Anne babamıza gelirsek, babamızı 1 sene önce kalp krizi yüzünden kaybetmiştik. Herkes gibi bende babamın kızıydım ve ölümü yıkmıştı beni. Yeni yeni toparlanıyordum. 1 yıl boyunca çocuklarıma belli etmeden acı acı ağlamıştım sürekli. Barlas bu süreçte hep yanımda olmuştu. Sürekli kafamı dağıtmam için benimle farklı farklı aktiviteler yapıyor, ağladığım zamanlar sıcacık kollarını açıyordu bana. Ölüm gerçeği vardı ve bunun önüne geçemezdik. Babam hayatı boyunca istememişti rahatımızın bozulmasını, gözümüzden tek damla yaş akmasını. Bana bunları hatırlatarak toparlamıştı beni. Bir yandan da çocuklarım. Ben şimdi hayattan pes edemezdim. Annesiz büyüyemezlerdi. 1 yılın sonunda biraz biraz toparlanmaya başlamıştım.

...

Bu gün Sena'nın düğün günüydü. Teyze aşığı minik kızım Sena'nın dizinin dibinde dolaşıyordu sürekli. Sena hiç şikayetçi değildi bu durumdan. Sena'nın müstakbel eşi ise Bulut ve Emirle çok iyi anlaşmıştı. Hepimiz duyguluyduk. Üniversitede tanışmıştık ve birbirimizin düğününe gelmiştik.

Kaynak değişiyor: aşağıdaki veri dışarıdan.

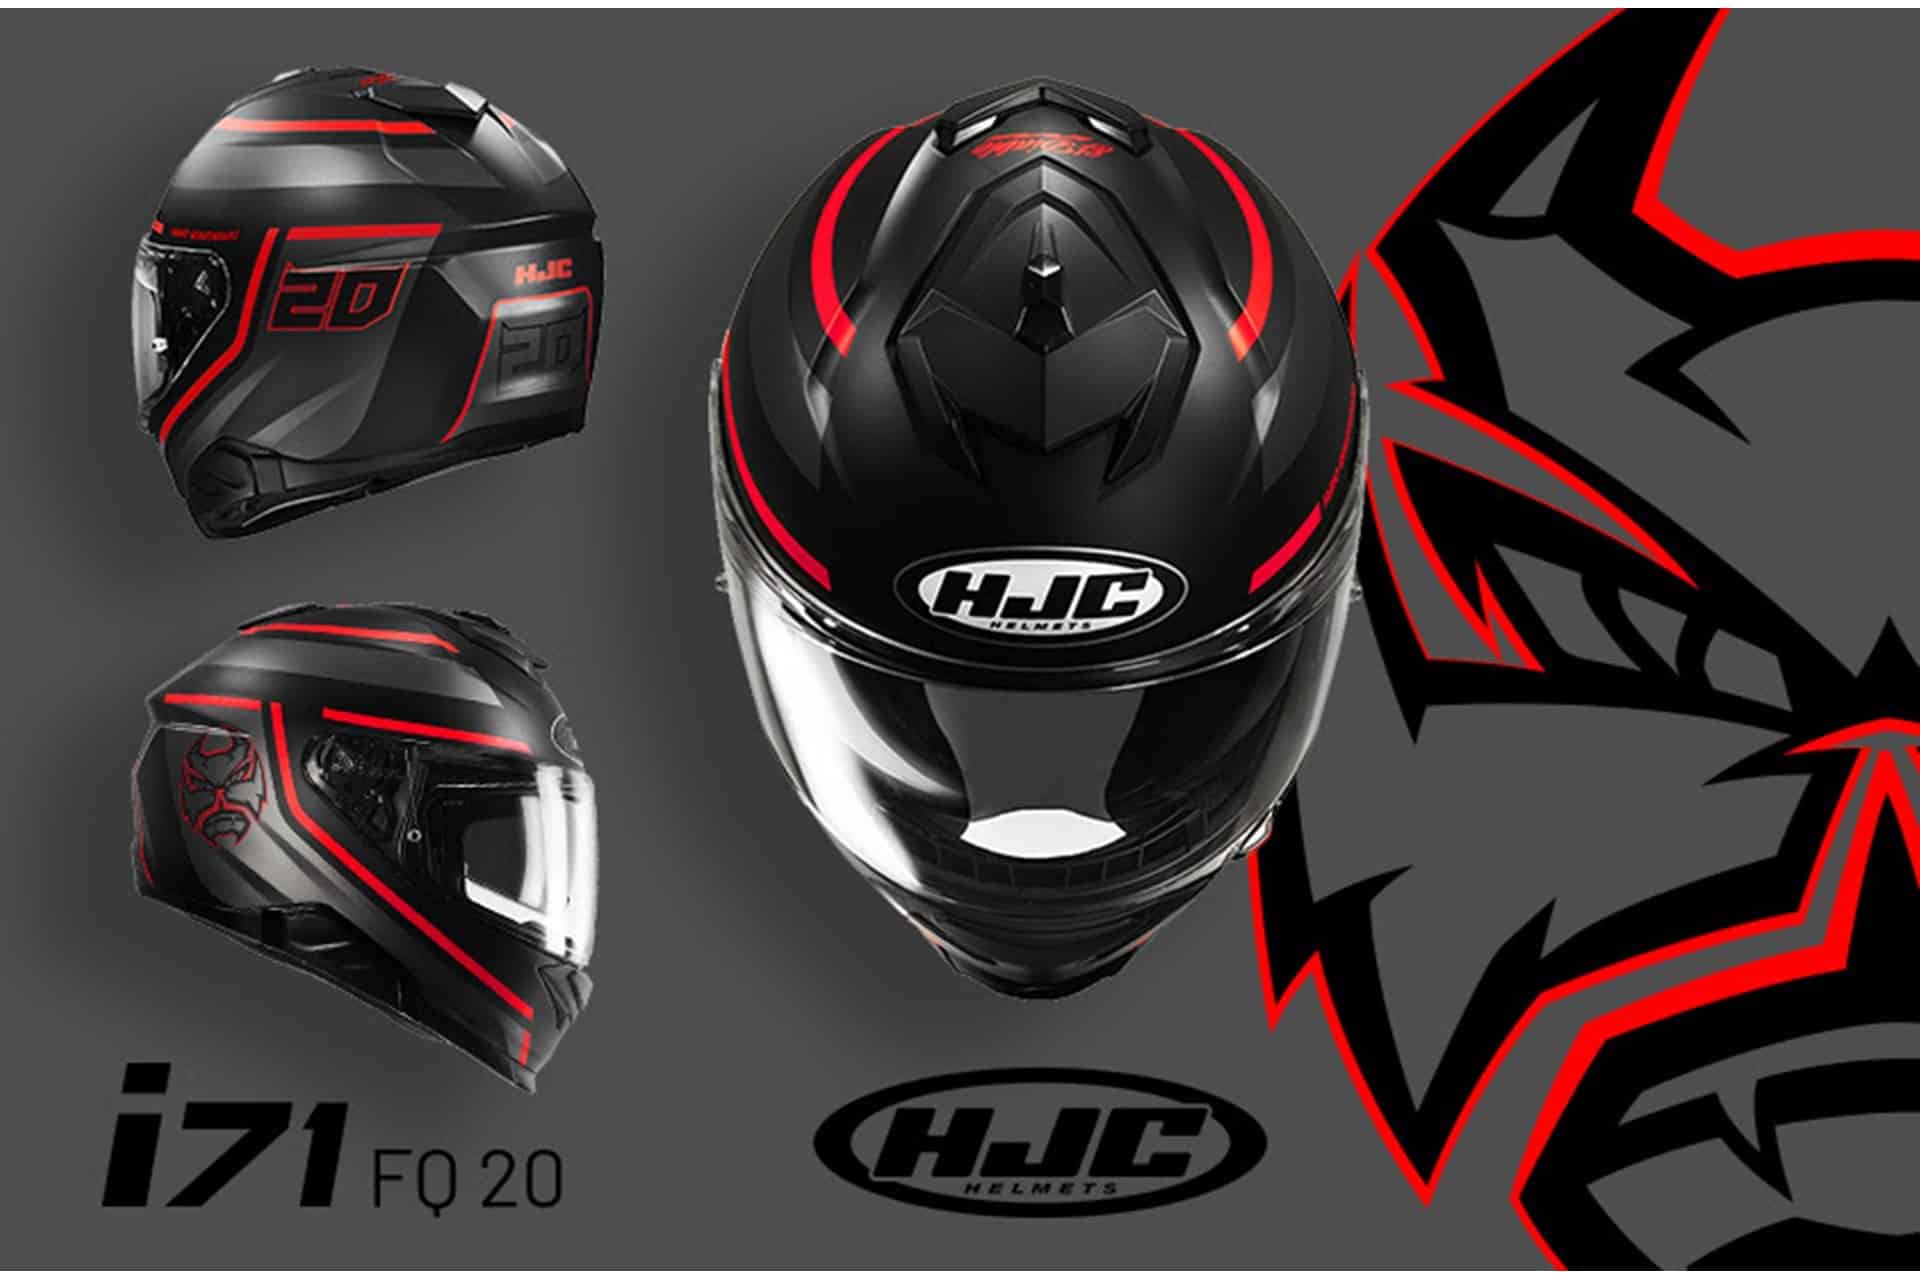 Los cascos HJC C10 e i71 ahora con gráficos colección Fabio Quartararo 2023

İlk dansı Sena ve Talha yaptıktan sonra ikinci dans çiftlerle beraberdi. Barlas elimden tutup sormadan benimle beraber piste götürüp dans etti benimle. Dans ederken konuştum. "Teşekkür ederim teklif ettiğini için kocacım" Dedim imayla. Bana sırıttı. "Teklif mi edeyim birde? Hayır mı diyeceksin sanki?" Haklıydı. Hayır diyemezdim ona. Aşıktım çünkü. Ne garip değil mi? Tahmini 10 sene öncesine kadar kabusum olan adam şimdi kocamdı. Onunla kendi isteğimle evleneceğimi söylediğinde inanmamıştım ona. Ondan kurtulmayı isterken şimdi bırakmak istemiyordum. "Dansa kaldırırken bile odunsun" Dedim. "Kırılıyorum ama güzel karım" Dediğinde güldüm. "Şaka şaka. Kırılma tabiki hayır demezdim" Memnun olmuşça gülümsedi. Asel ve Bulut'a baktığımızda yanımızda dans ediyorlardı. Onlara bakıp hafifçe kıkırdadık.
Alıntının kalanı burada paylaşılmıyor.